→ WHAT YOU ARE ASKED TO DO
Take the lines from the one with "Energiespar-Lupenleuchte MAULviso, mit" to the end of the listing, both ends included, and quote them exactly, leaving pictures out.

→ GIVEN MATERIAL
----

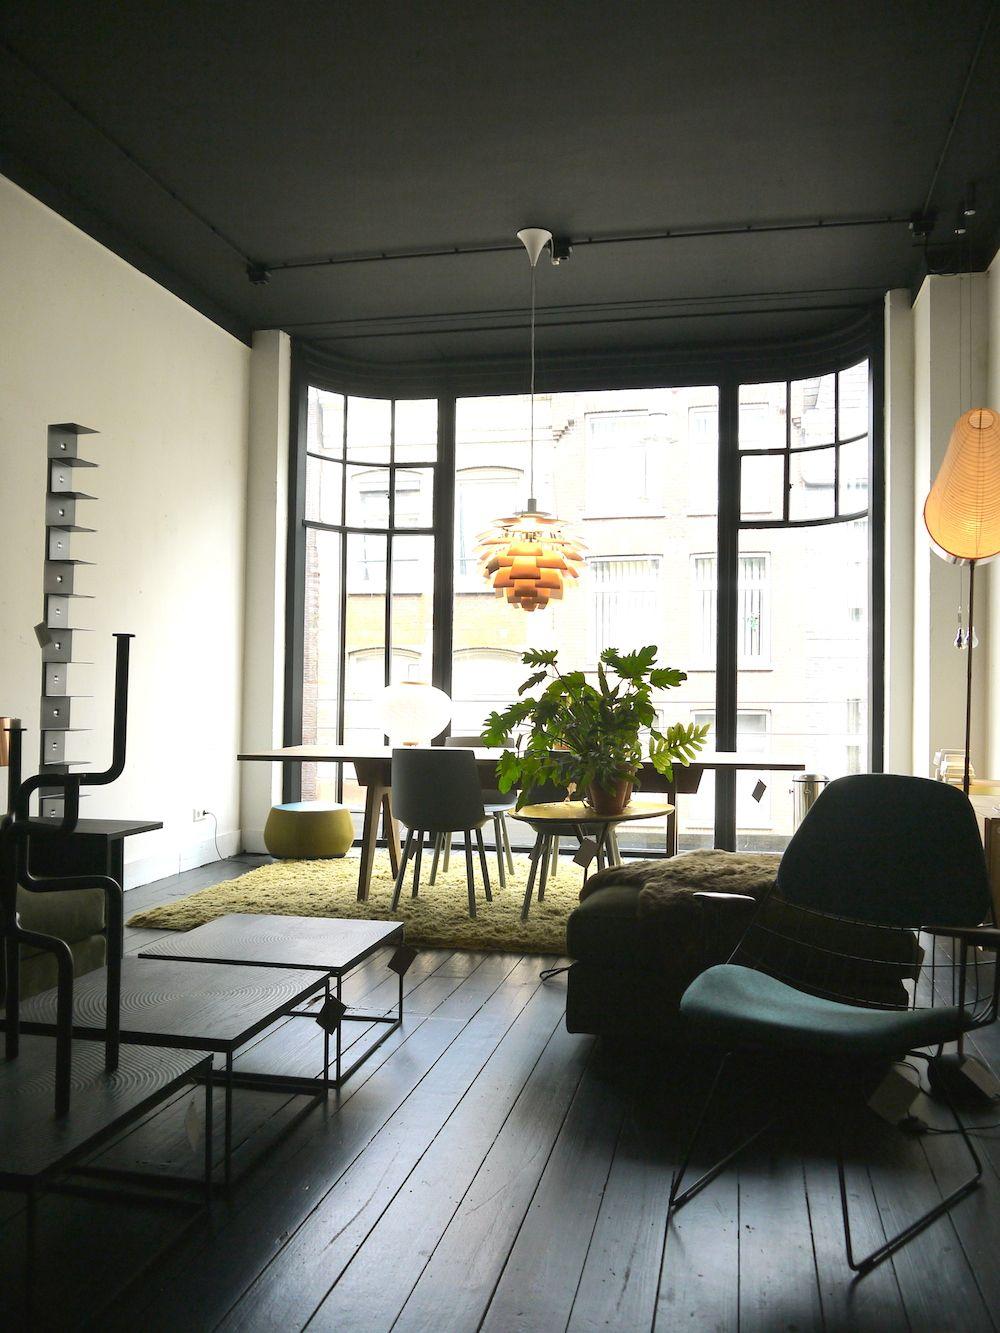 Zeer Zwarte houten vloer. Mobilia woonstudio Amsterdam | Wonen in 2019 &EY86
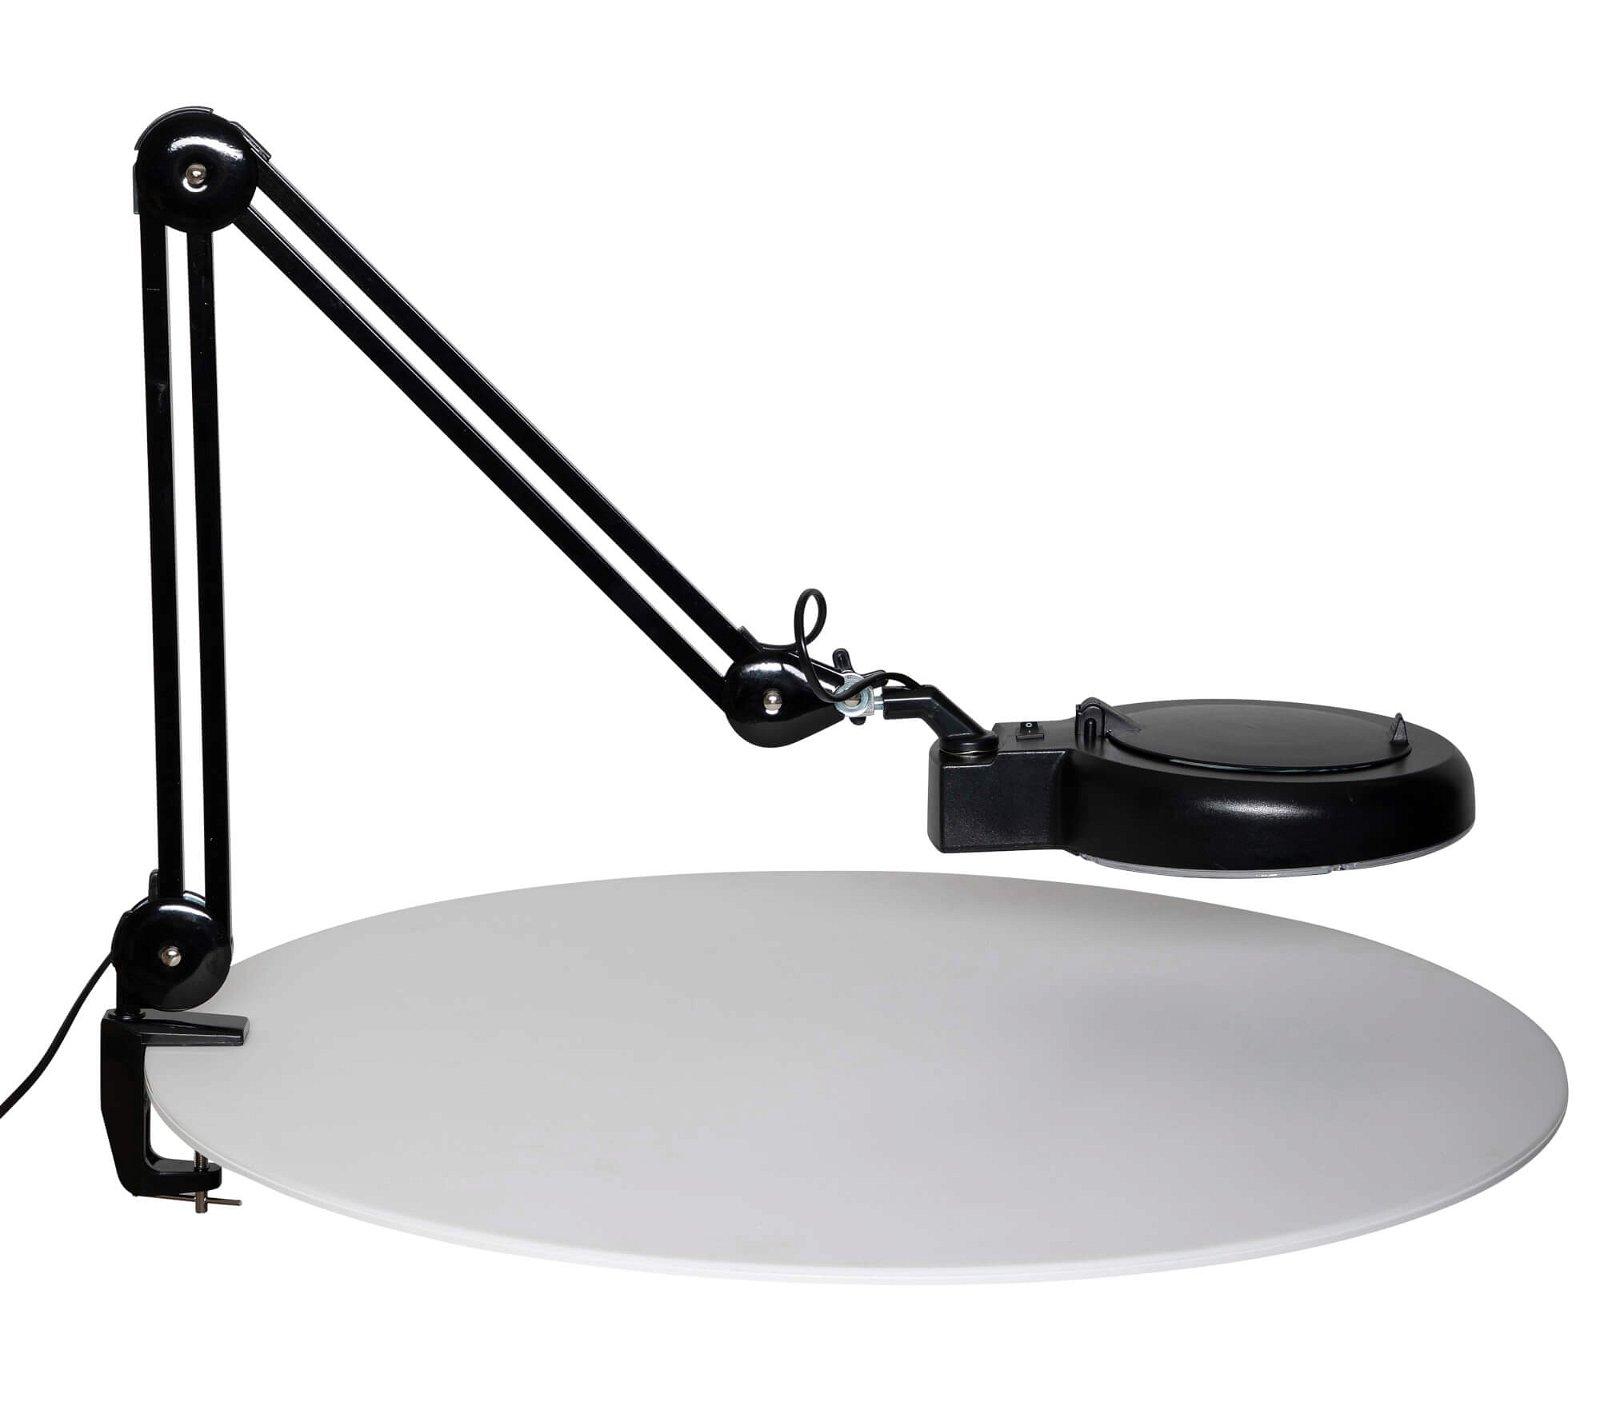 Energiespar-Lupenleuchte MAULviso, mit Klemmfuß, schwarz
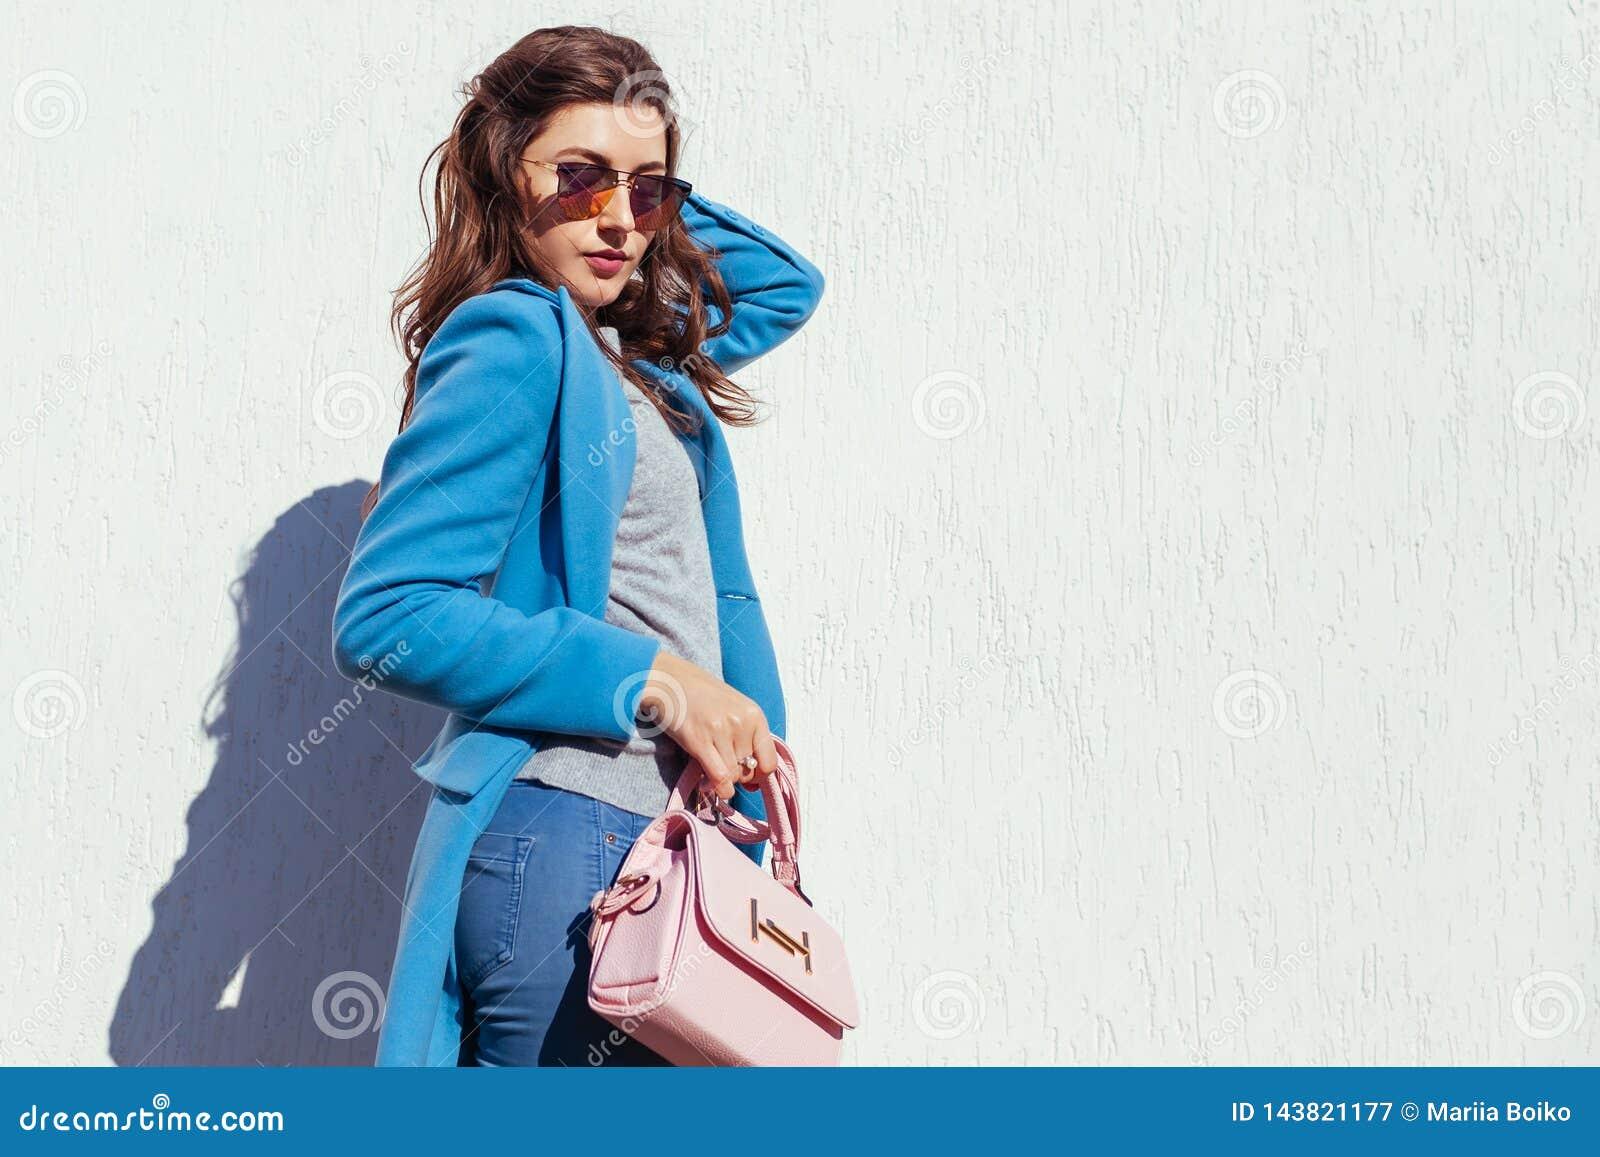 Junge Frau, die stilvolle Handtasche h?lt und modischen blauen Mantel tr?gt Fr?hlingsfrauenkleider und -zus?tze Art und Weise

----

→ RESPONSE AREA
 Energiespar-Lupenleuchte MAULviso, mit Klemmfuß, schwarz
 Junge Frau, die stilvolle Handtasche h?lt und modischen blauen Mantel tr?gt Fr?hlingsfrauenkleider und -zus?tze Art und Weise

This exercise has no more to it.